This was posted a while ago, and I have since implemented bitmaps myself. One thing I learned from the documentation[1] is that setting an initial bit at a very high-numbered place (like 2^30 - 1) takes a while to allocate (compared to Redis's normal speed) and blocks other operations in the process.
In my case, and it appears to be true for Spool too, I don't know what bit will be set first. It could be 12 or it could be 2938251, so to prevent a slowdown if the initial bit is a high place I use buckets of bitmaps, each holding around 8 million bits.
I know disk space is cheap these days, but at 16MB/metric/<level-of-granularity>, it seems like your metric dataset would grow pretty quick. With just 10 metrics tracked daily, thats another gigabyte per week. Of course it does come with the benefit of maintaining all the raw data since you never roll up or aggregate the data...so the pros probably outweigh that con. :)
Redis stores everything in RAM, and RAM is not as cheap as disk.
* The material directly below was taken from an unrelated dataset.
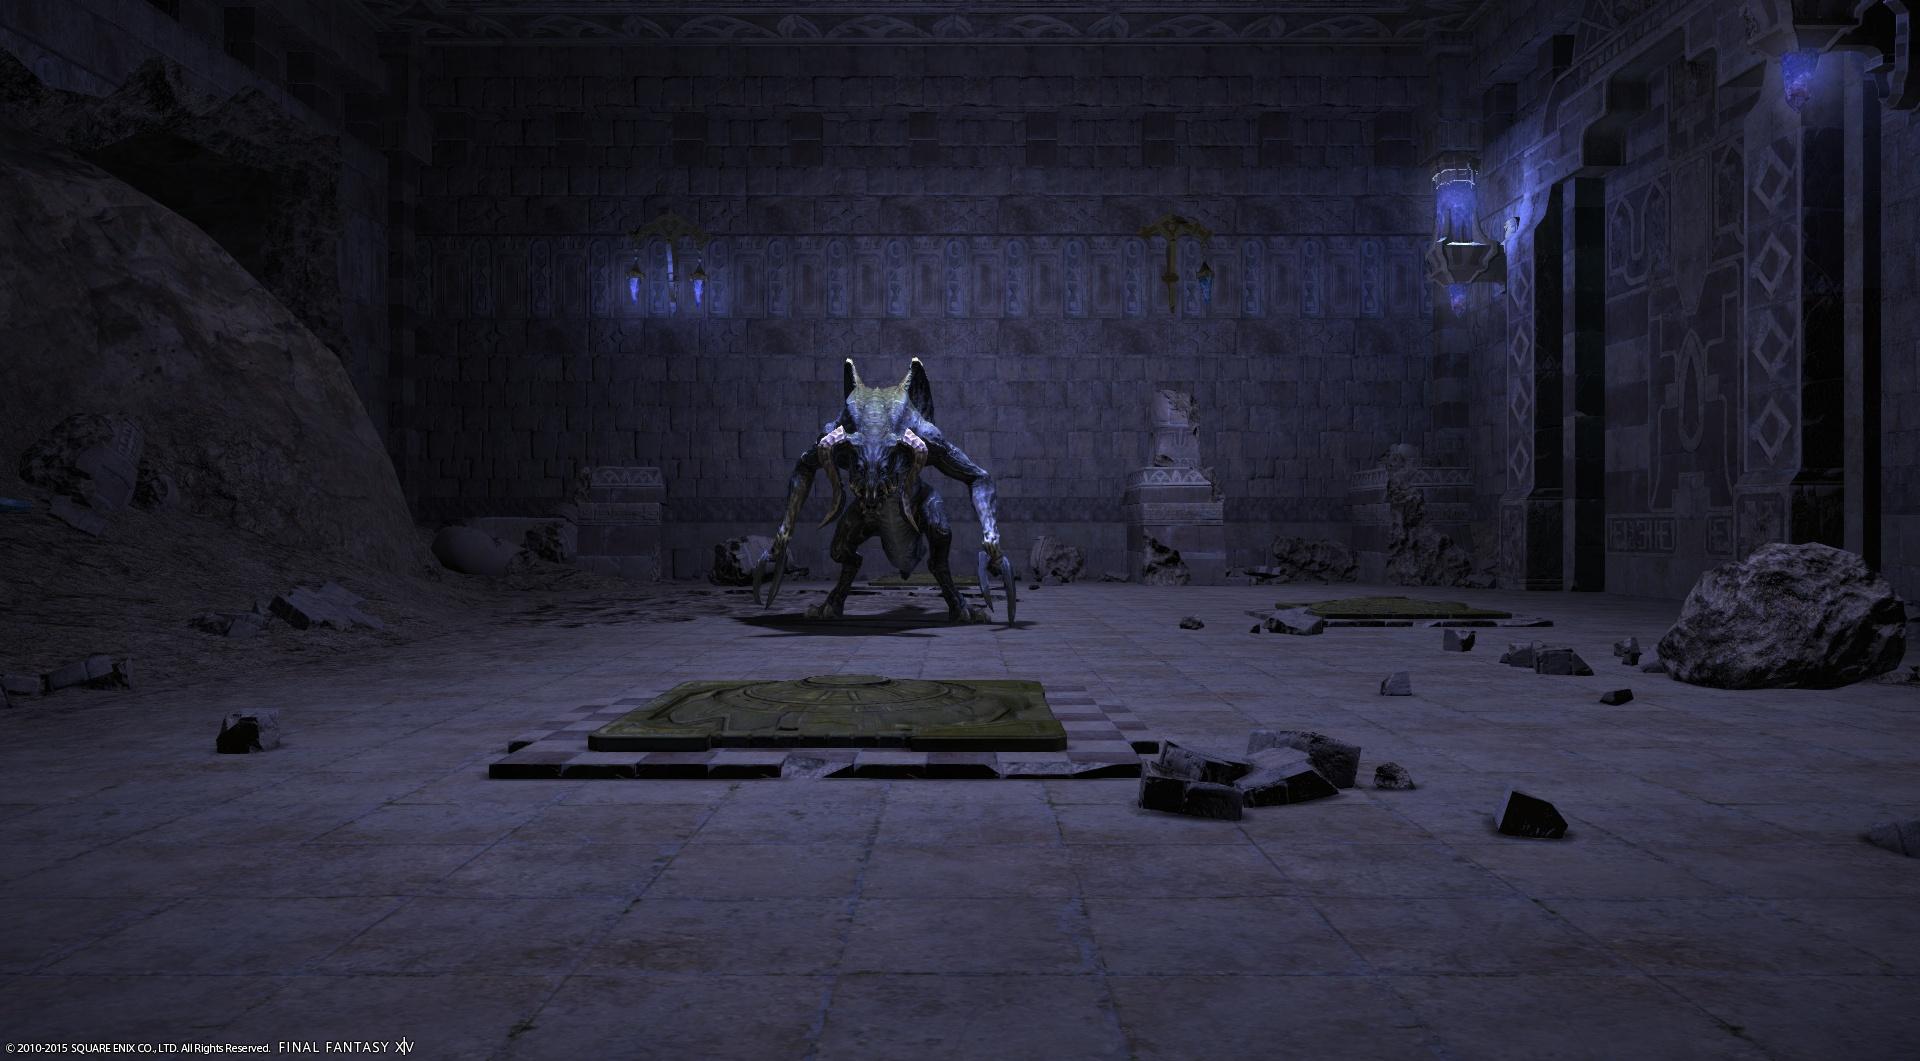 テラトタウルス序盤の中ボス。死の宣告(イモータルアイ)という即死技を使ってくるので、光る床を踏んでお祓いしましょう!

Adding GB's of RAM every week will quickly get rather expensive. But I guess you could dump old data to disk and load it back to Redis only when you need it. It might even compress well, depending on what the metrics track.
Isn't Redis still single-threaded for queries, but saving in the background? That seems a little risky: you've got your 100 million users setting bits in your bitsets and suddenly everything blocks for 10 seconds while old data is being loaded from disk.
It only really needs be captured like that using redis, when the collection period is up you could store it on disk, or even just the aggregate information on disk.
The only problem with this method is that it requires that IDs are integers, start at 1 and increment by 1.
I'm using MongoDB and IDs are 12-byte values of which the first four are a timestamp. Does anyone know of a way to make this method work, ideally without adding another field to the collection?
The comments on the article address this - the OP is using UUIDs as the primary key for their users, but each user is also assigned an "analytics key" which is an integer that started at one. You can even use the redis INCR command to generate these on demand.
There is a way in mongo to replace the id with an auto incrementing number. Have a look at the docs. It's also helpful of you want to use the id as a base62 value for urls
I still think that those user numbers in the title evokes a mental image of a certain type of load with a certain type of response time. I think if you got rid of the response time, it would be less linkbaity, because then it's clear that your focus is on the amount of storage it would take. It's not very important either way.
In my case, and it appears to be true for Spool too, I don't know what bit will be set first. It could be 12 or it could be 2938251, so to prevent a slowdown if the initial bit is a high place I use buckets of bitmaps, each holding around 8 million bits.
[1] Read Warning: http://redis.io/commands/setbit